* What needs to be done *
Once you find the line with "servicios_roevoconsultora" in the data that follows, repeat it and every line after it exactly, through the line with "03 © Rutger".

======== The data ========

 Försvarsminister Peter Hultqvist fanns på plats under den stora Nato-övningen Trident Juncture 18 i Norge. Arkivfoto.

========
======== The data ========

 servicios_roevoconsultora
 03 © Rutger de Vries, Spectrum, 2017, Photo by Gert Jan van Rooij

========
======== The data ========

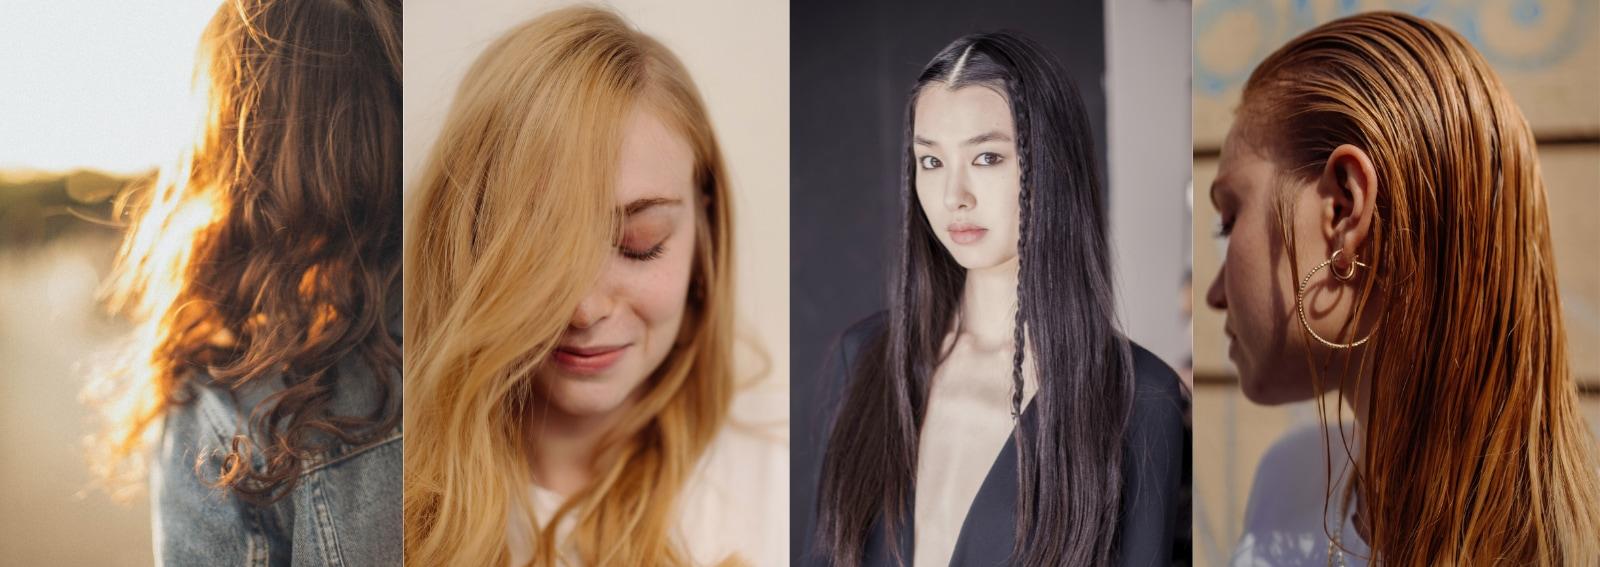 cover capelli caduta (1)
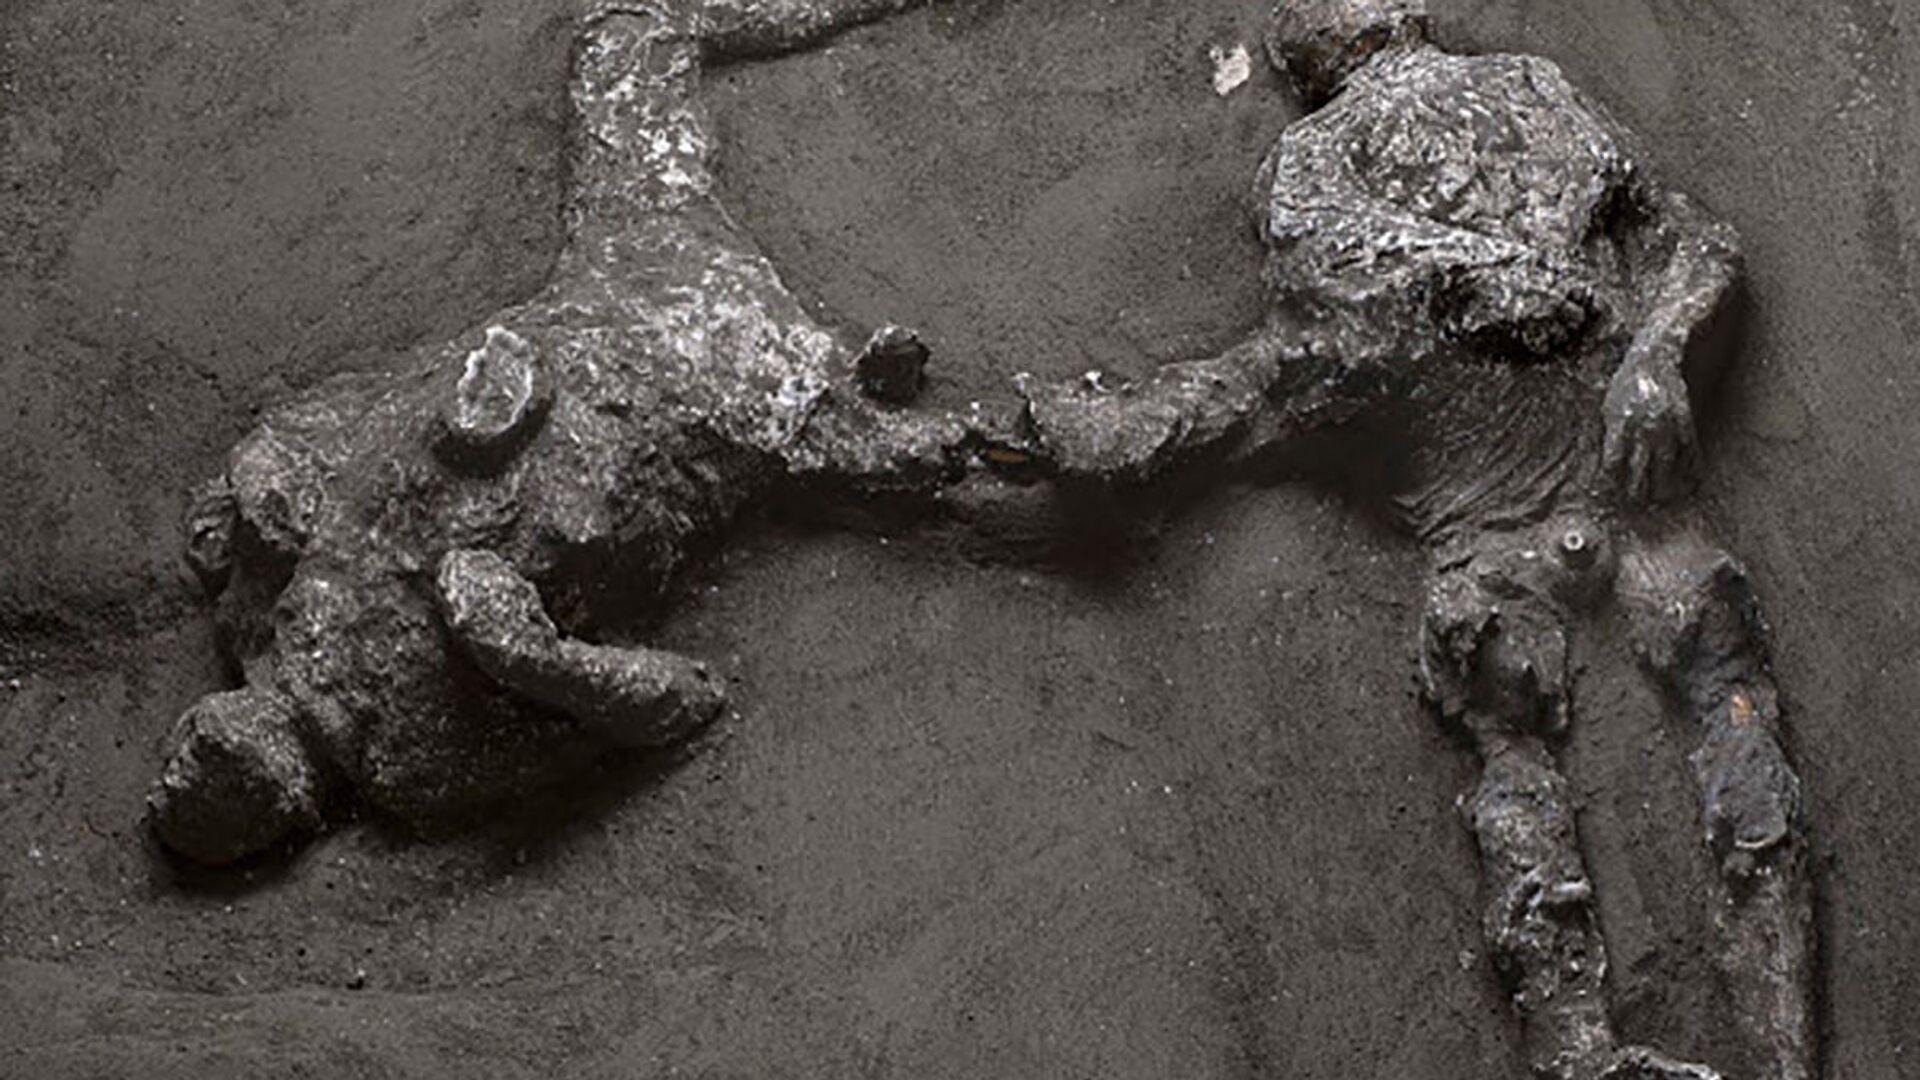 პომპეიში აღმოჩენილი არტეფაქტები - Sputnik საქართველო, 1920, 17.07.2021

========

* Reply *
 servicios_roevoconsultora
 03 © Rutger de Vries, Spectrum, 2017, Photo by Gert Jan van Rooij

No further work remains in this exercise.